How Schools Can Address Declining Student Attendance at Athletic Events

Justin Suter by on Aug 08, 2017

Since 2009, colleges and universities have observed a disturbing decline in average student attendance at football games, with a 7.1% average decrease across the board. This alarming trend is highlighted in a Bloomberg Businessweek article that cites recent statistics revealing average student attendance at Football Bowl Series, the top-tier of NCAA football, dropped for the seventh straight season. Declining student attendance is particularly concerning for schools because individuals who do not engage with their school’s athletic program as students are not likely to become supportive alumni who donate. Clearly, colleges can no longer sit back and expect the traditional allure of collegiate athletics to fill their stadiums; rather they need to experiment actively in making their athletic events more appealing to students.

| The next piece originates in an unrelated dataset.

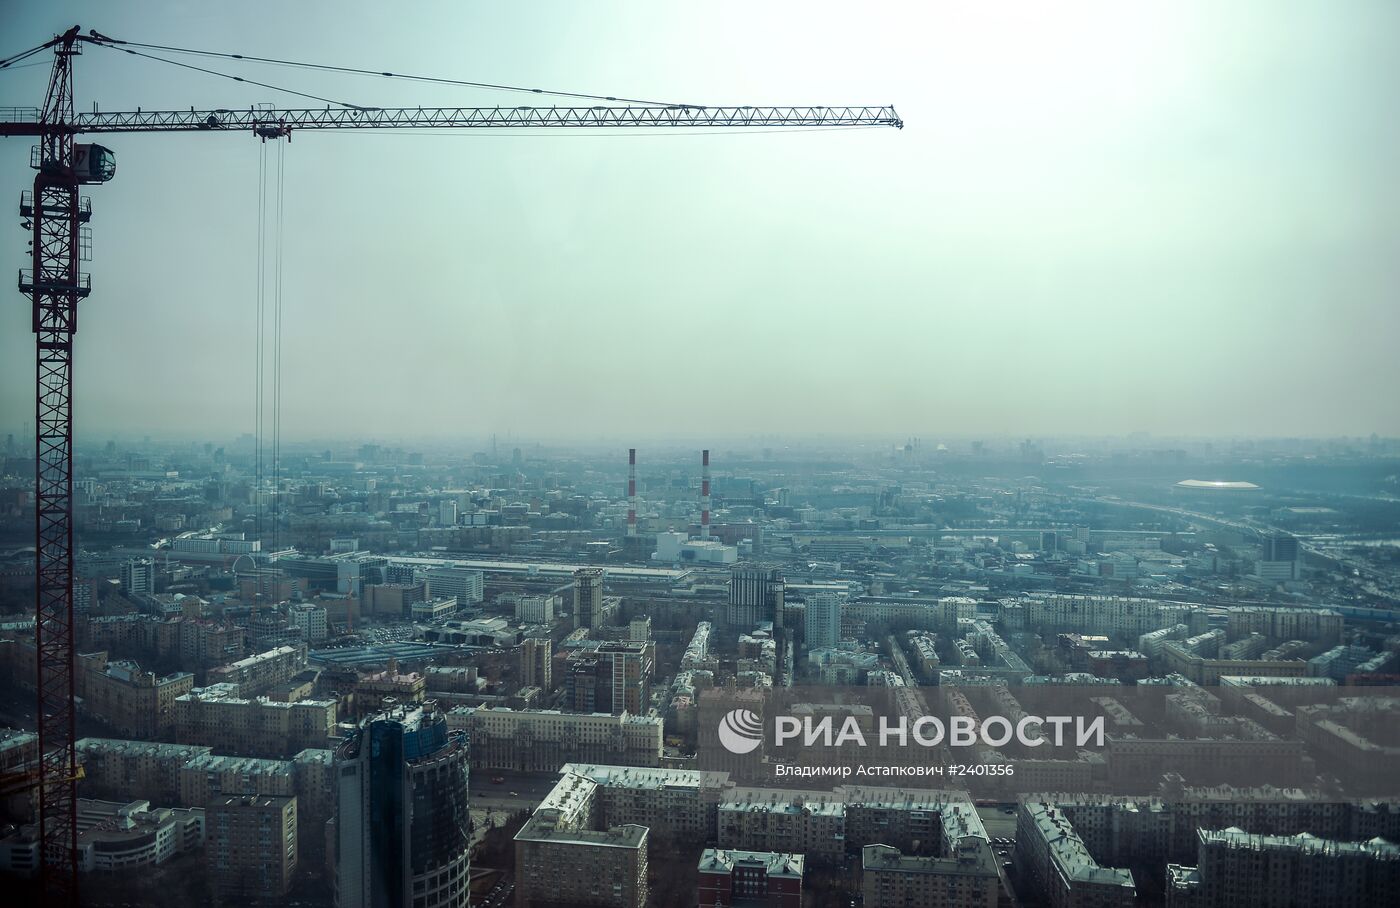 Смотровая площадка открылась в бизнес-центре "Москва-Сити"

So far, three schools beginning to think outside the box include:

  • Florida Atlantic University – Elicited student feedback through surveys. Students are now allowed to use their meal plans to purchase refreshments at sporting events.
  • New Mexico State University – Adopted a “minor-league baseball approach,” featuring family-friendly entertainment.
  • University of Akron – Sponsored a free musical festival before the football team’s first 2016 home game in tandem with a local radio station.

The student section at a University of Michigan home game is sparsely filled.

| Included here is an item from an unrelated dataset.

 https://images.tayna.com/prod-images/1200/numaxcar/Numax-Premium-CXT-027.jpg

Michigan averaged the highest attendance among FBS schools in 2016.

Another potential solution to the attendance problem is SuperFanU, an online platform used by schools such as Michigan, Florida and the University of South Carolina. The program provides a framework for school administrators to add events to a calendar and to assign differing levels of points for each event. Students download the app with the calendar of events and check in to those events for points; the idea is to accumulate the highest number of points to qualify for prizes. The app uses geofencing to set the check-in area, and once students cross this virtual threshold they can log in to earn the designated points. The app lists everyone who has checked in, allowing officials to select individuals from the list randomly to award a prize. A message feature also lets administrators contact fans directly. Schools can give away prizes at events’ halftimes or intermissions but can also choose to create a year-long competition to see who can become the ultimate fan. Anyone who downloads the app can see the leaderboard, which updates following each event. Administrators can set higher point thresholds for big rivalry games and announce in-game giveaways to create a buzz. In addition to athletic events, the app can also help increase participation in plays, concerts, fundraisers and more. Further, students can purchase tickets and merchandise directly from the app, upping the convenience factor.

SuperFanU How It Works Page (Truncated)

Tickets sales and donations are two hugely important aspects of collegiate athletics programs’ bottom lines. The universities that are thinking outside the box when it comes to revenue generation, and those adopting programs like SuperFanU, stand the best chances in terms of reversing the stadium-draining trends.